The Studio System is a desktop-sized metal 3D printer that uses the patented Bound Metal Deposition (BMD) extrusion process. Similar to FDM 3D printing, this metal 3D printer utilizes MIM metal powders that are bound by a polymer mix. Once 3D printing is complete, the objects are placed in Desktop Metal’s furnace at a temperature of up to 1,400 degrees Celsius, melting away the polymer and leaving you with a metal part. The Studio System, along with the furnace and cloud-based software, costs around $120,000.
On the other hand, the industrial-sized Production System uses a process called single pass jetting. The 3D printer works by depositing metal powder, followed by a binding agent. The machine is equipped with over 32,000 jets that are capable of spraying millions of droplets per second. The Production System also uses the furnace for post-processing, and costs around $360,000 (furnace not included).
While these two metal 3D printers are surely too expensive for the average consumer, the cost is a fraction of traditional metal 3D printing systems, which can easily run you over $800,000. It’s clear that big-name companies believe in Desktop Metal’s mission, as the startup has received major funding from the likes of BMW, Google, Lowe’s, and others.
On the smaller side of the spectrum, the metal 3D printing company Digital Metal, a subsidiary of the Swedish metal powder producer Höganäs, recently revealed the world’s first-ever high-precision binder jetting system for small metal objects.
The metal 3D printer, dubbed the DM P2500, produces exceptionally small and intricate metal components. Digital Metal’s machine includes a print volume of 2500 cm3, and also prints with 42 µm layers at 100 cc/hr. This metal 3D printer offers an incredible resolution of 35µm, and eliminates the need for support structures.
The Swedish metal 3D printing company is currently pushing its product on the commercial market, and is working with Honeywell Aerospace, the French institute and technological innovation hub Centre Technique des Industries Mécaniques (CETIM), and an undisclosed leader in fashion design.
Markforged is another 3D printing company that is focusing on making this once inaccessible technology more open to the masses. The Markforged Metal X is a metal 3D printer that offers an end-to-end manufacturing solution. The company states that its metal 3D printer is ten times less expensive than alternative metal 3D printing systems.

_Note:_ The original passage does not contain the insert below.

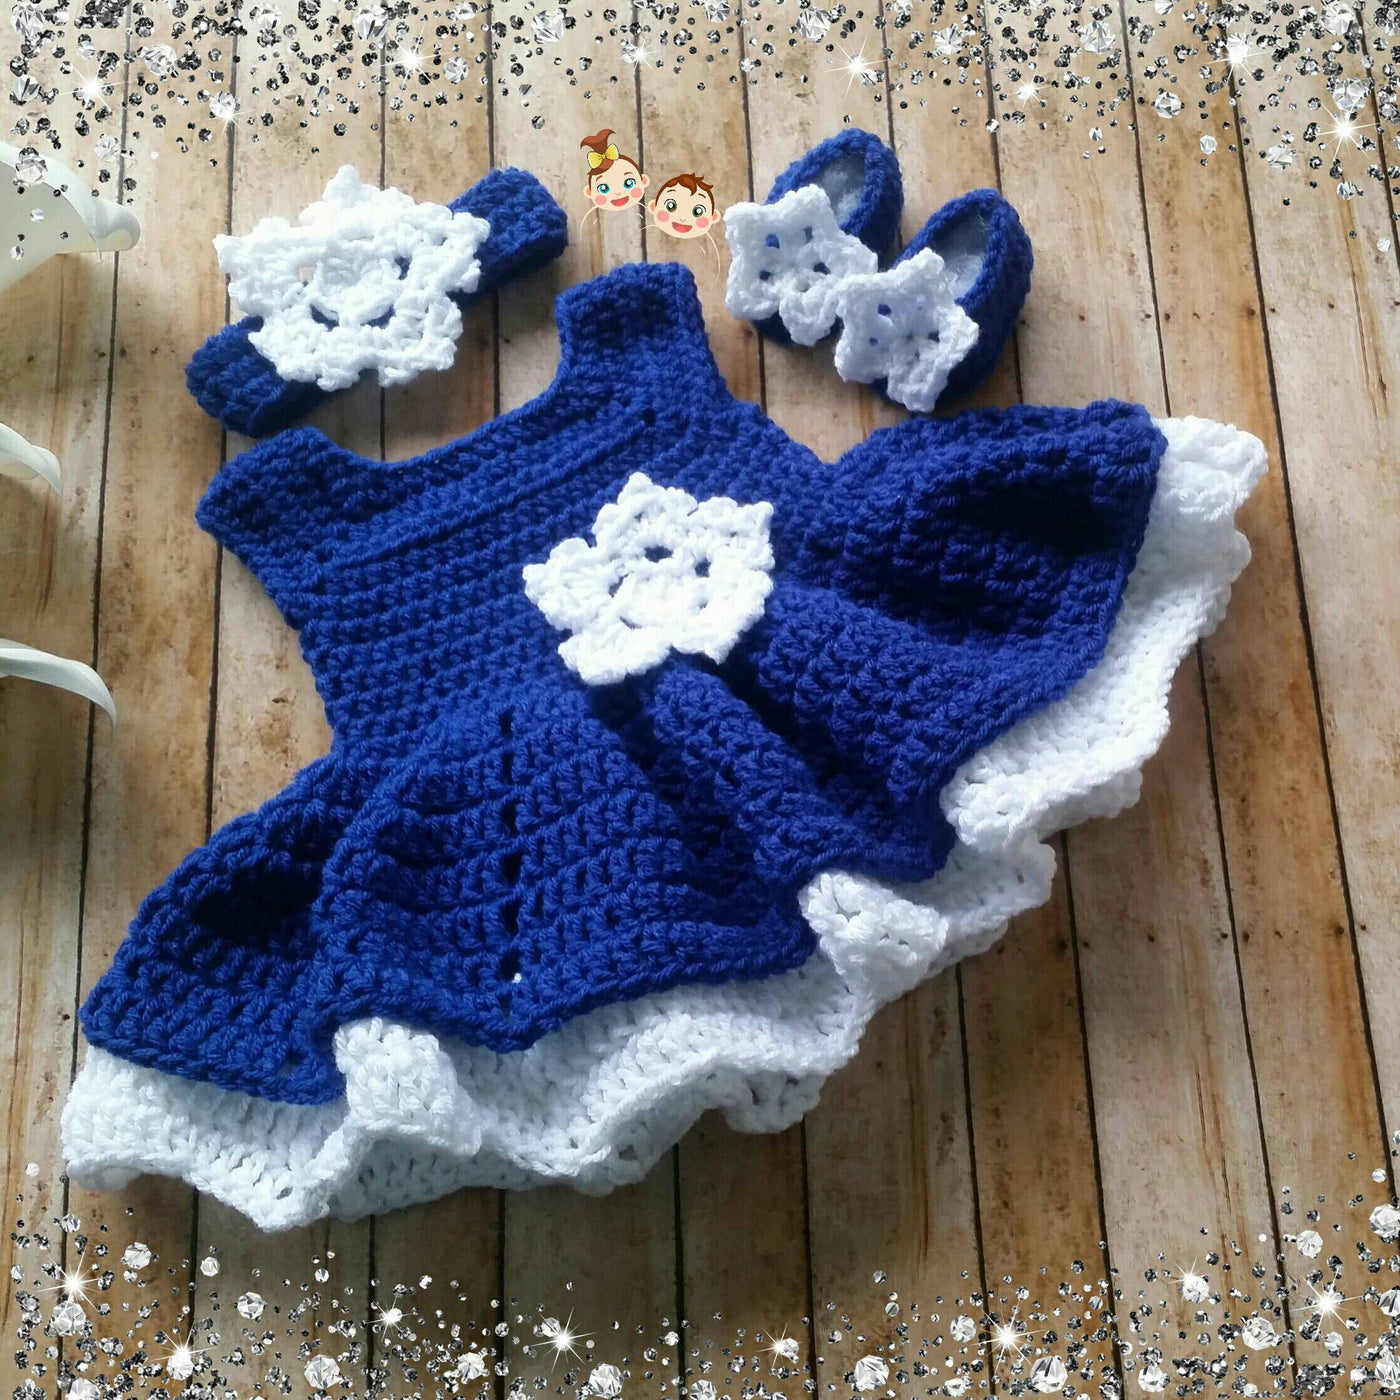 Crochet Baby Dress, Take Home Baby Outfit, Coming Home Dress, Infant Outfits Hanukkah Baby Dress

The Metal X offers a build size of 250 x 220 x 200, and a layer height of 50 microns. Similar to Desktop Metal’s Studio System, this metal 3D printer works by printing metal powder that is bound in a plastic matrix. On the company’s website, Markforged showcases the different types of metal parts that can be 3D printed, and also how much businesses can save by utilizing its metal 3D printing. Learn more about the Metal X here.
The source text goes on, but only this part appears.